MD simulations were performed at constant volume and temperature of 300 K using Berendsen’s thermostat⁴². The periodic boundary condition with the size of 31.306 × 36.098 × 43.010 ų was imposed. Long range interactions were calculated by the particle mesh Ewald method with an 11 Å real space cutoff⁴³. The intramolecular coordinates in water molecule were constrained with the SHAKE algorithm⁴⁴, enabling a time step of 2 fs.
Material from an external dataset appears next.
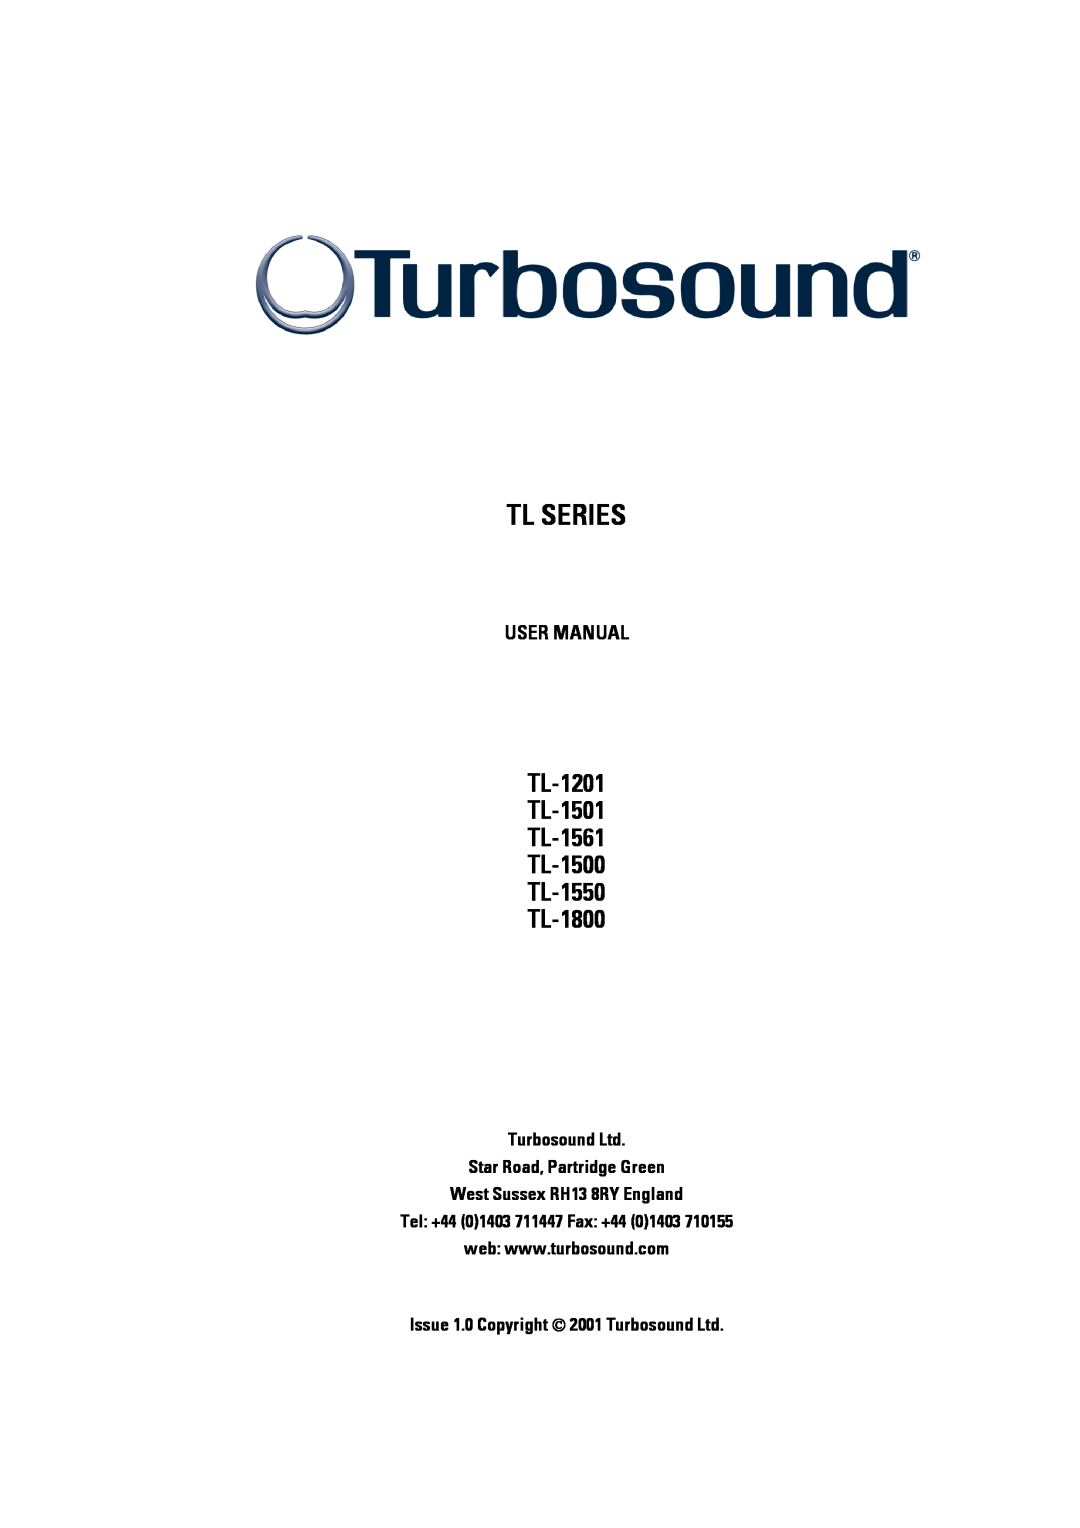 Turbosound TL-1800 user manual Star Road, Partridge Green West Sussex RH13 8RY England, Tel +44 01403 711447 Fax +44 01403 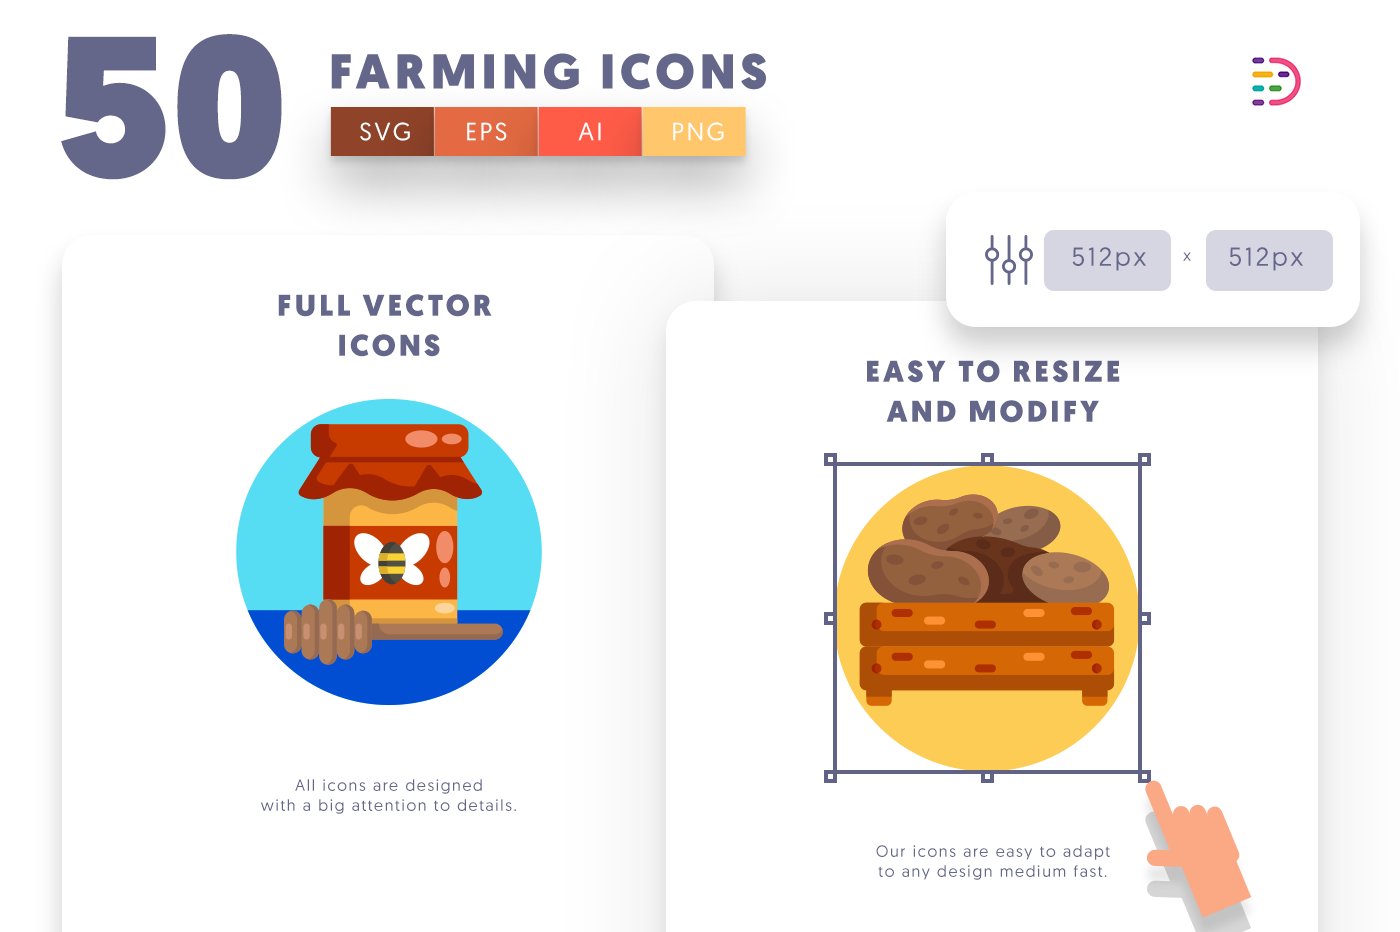 farming icons cover 6 513

To mimic the voltage-clamp measurement⁴⁵, the passive transport of ions was realized by applying an electric field along the channel axis in the region of the ANT and CNTs¹⁷. The sander module of the AMBER package was modified to impose the electric field. The translation of ANT caused by the electric field was constrained by the harmonic potential with the force constant of 0.1 kcal/mol/Ų. Five voltages were applied: 100, 200, 400, 600, and 800 mV. At a certain condition, 100 different initial configurations were generated and were time-evolved for 10 ns, resulting in the simulation time of 1.0 μs. The ion trajectories were saved at every 10 fs. To calculate currents at each voltage, the following equation was used: eN_ion/T_sim, where N_ion and T_sim are the number of ions that entered the ANT at a certain condition and the simulation time at the condition, respectively. Since an ion entering from one side and other ion’s exiting to the other side is tightly coupled^17,18, N_ion is almost the same as the number of ions exiting from the ANT.